За день до того, как Ив выписали из больницы, мистер Росс вернулся домой, к жене. Увы, без дочери. Но, поцеловав Ив на прощание, он дал мне понять, что хотел бы со мной поговорить. Я проводила его до лифта, и в коридоре он сунул мне в руки толстый конверт, сказав, что это кое-что для меня, и попросил до конца года заплатить за Ив в пансионе. По толщине конверта я сразу догадалась, что там уйма денег, и попыталась вернуть ему конверт, объяснив это тем, что в пансионе меня уже «уплотнили», подселив ко мне другую девушку. Но мистер Росс настаивал, и в итоге конверт остался у меня в руках, а он исчез за сомкнувшимися дверцами лифта. Судя по светящейся полоске, лифт уже успел спуститься в вестибюль, когда я открыла конверт. Там было пятьдесят десятидолларовых банкнот. Возможно, те же самые, которые Ив вернула ему два года назад, словно вынося вердикт: эти конкретные десятки никогда не должны быть истрачены ни ею, ни им самим.

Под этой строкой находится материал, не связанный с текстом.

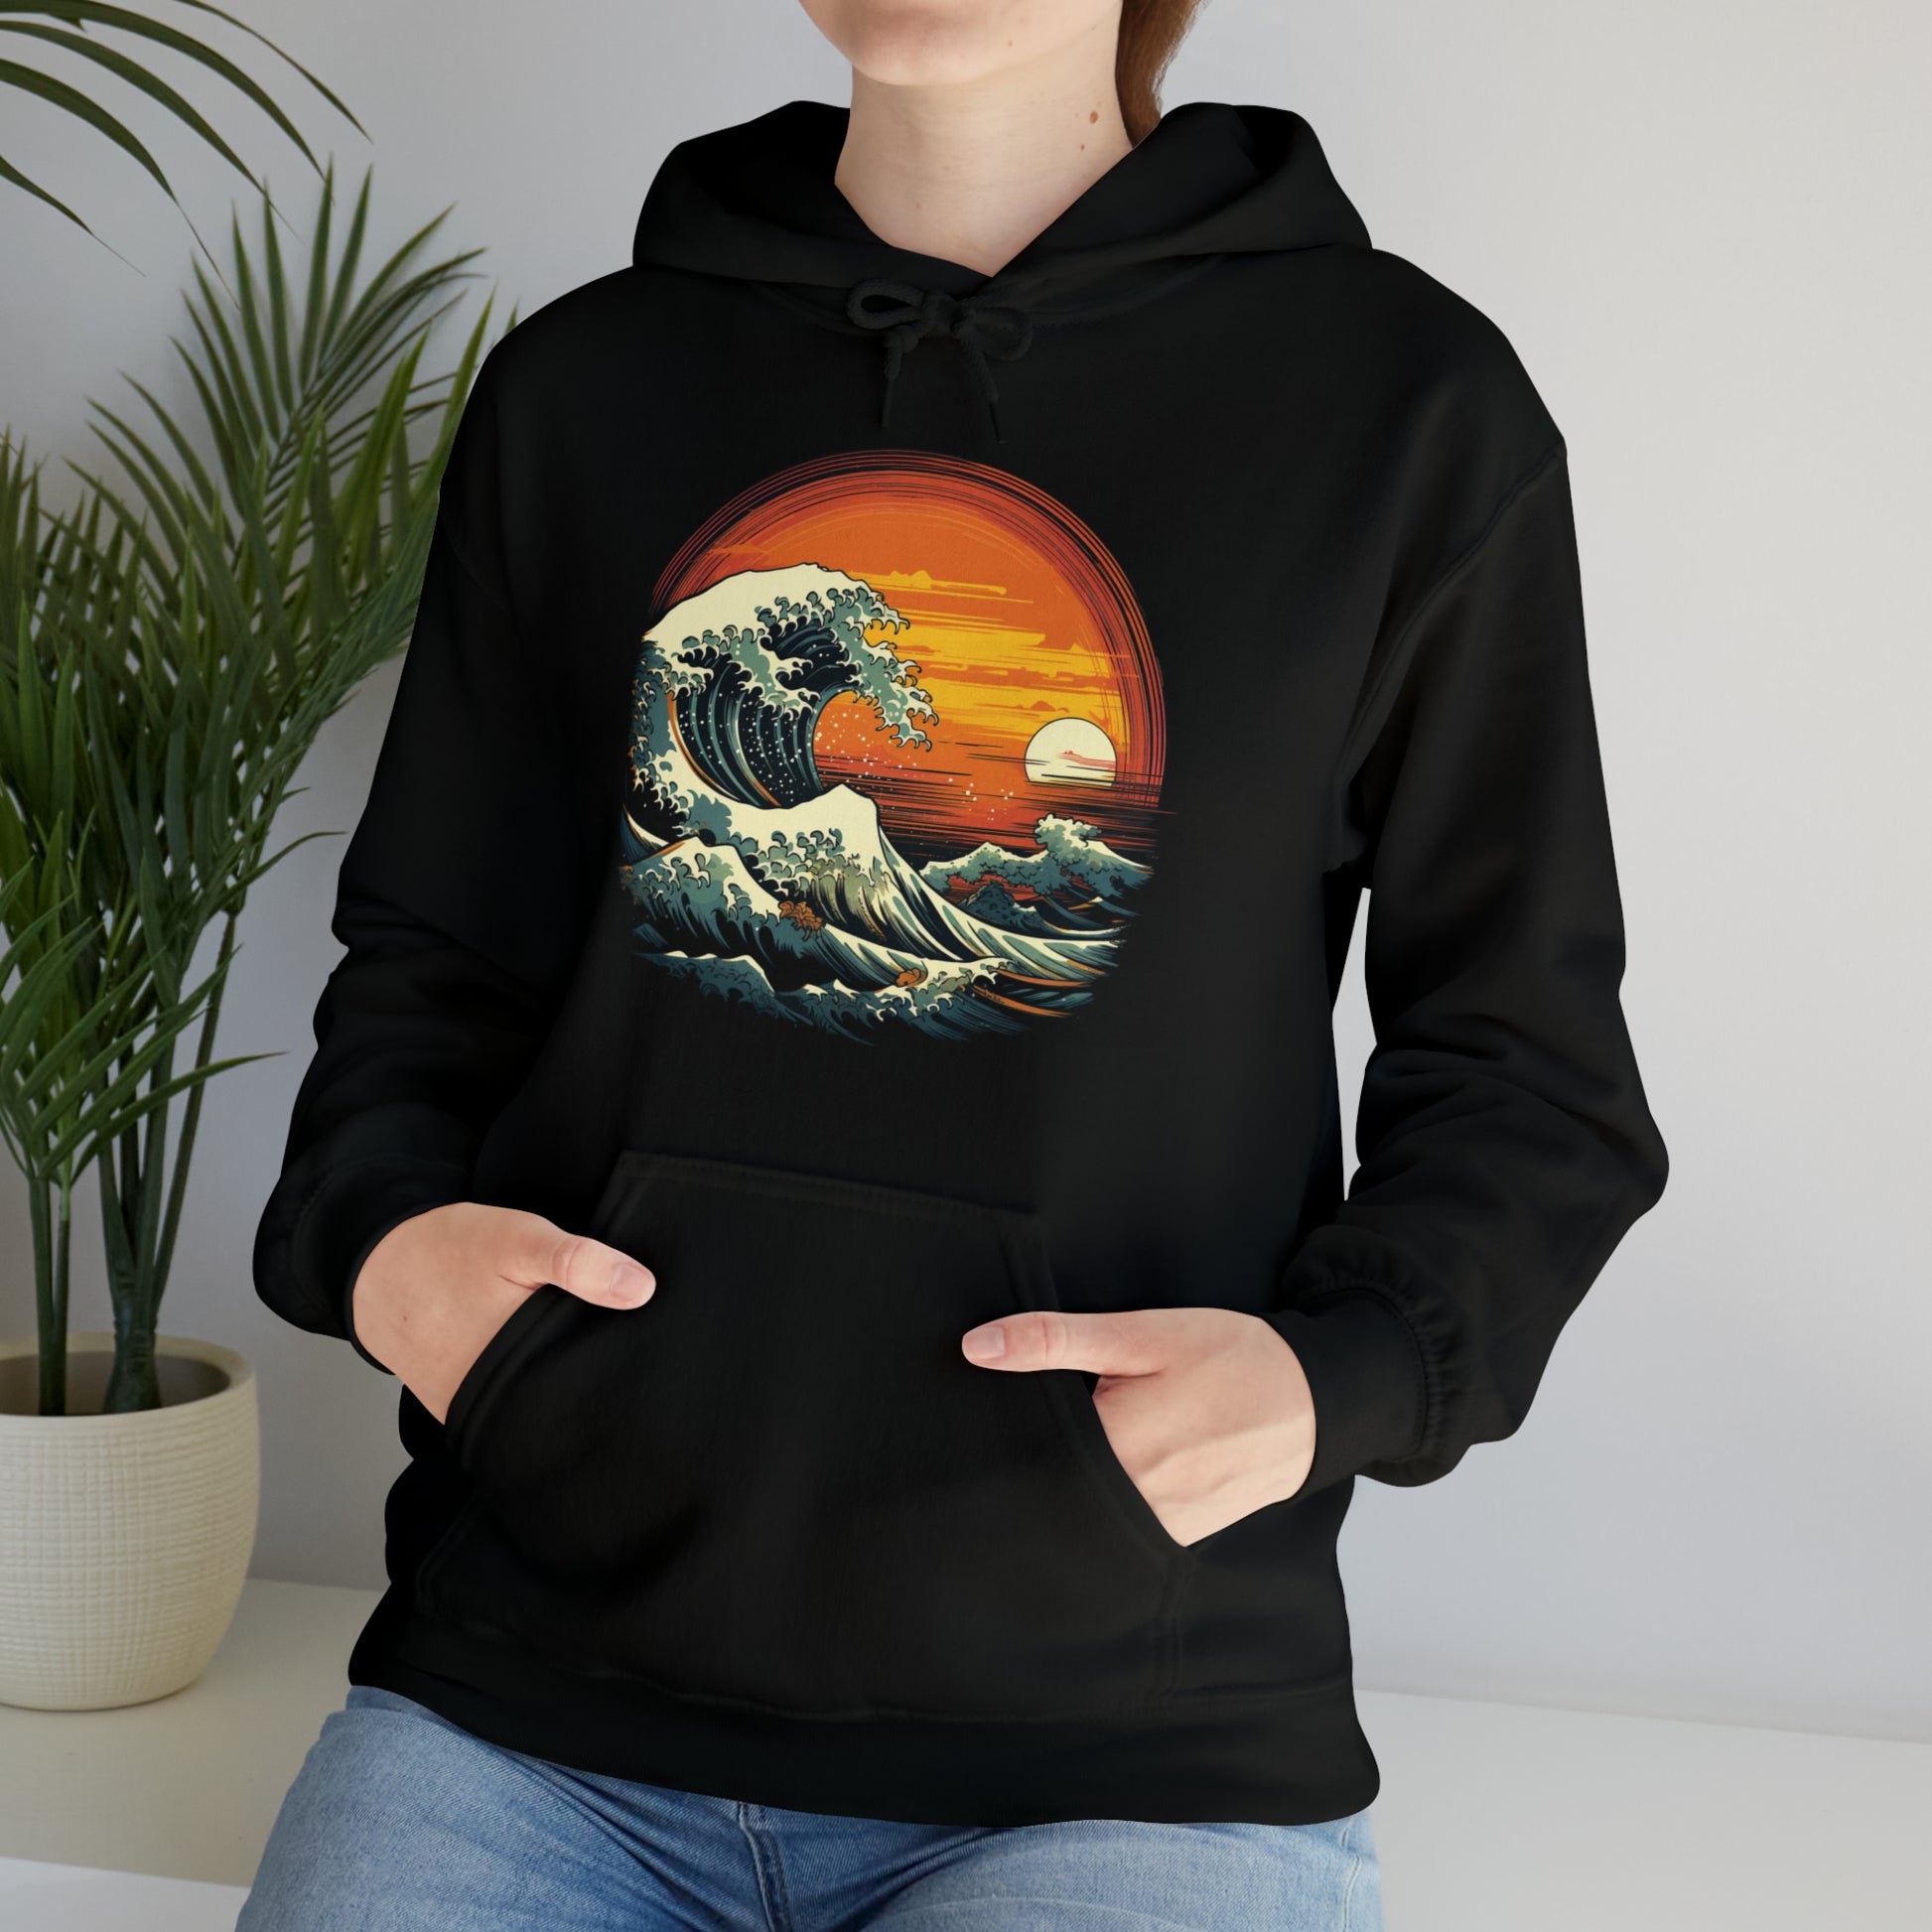 The Great Wave Hoodie, Surf Ocean Sea Japanese Pullover Men Women Adult Aesthetic Graphic Cotton Hooded Sweatshirt Pockets Starcove Fashion

Я восприняла все эти события как некий знак того, что и мне пора уматывать из пансиона миссис Мартингейл – особенно после того, как она дважды строго предупредила меня, что, если я не уберу из подвала свои коробки, она вышвырнет меня вон. Так что я, воспользовавшись половиной той суммы, которую оставил мне мистер Росс, оплатила на полгода вперед довольно просторную студию в пятьсот квадратных футов. А остальные деньги спрятала на дне сундучка, некогда принадлежавшего моему дяде Роско.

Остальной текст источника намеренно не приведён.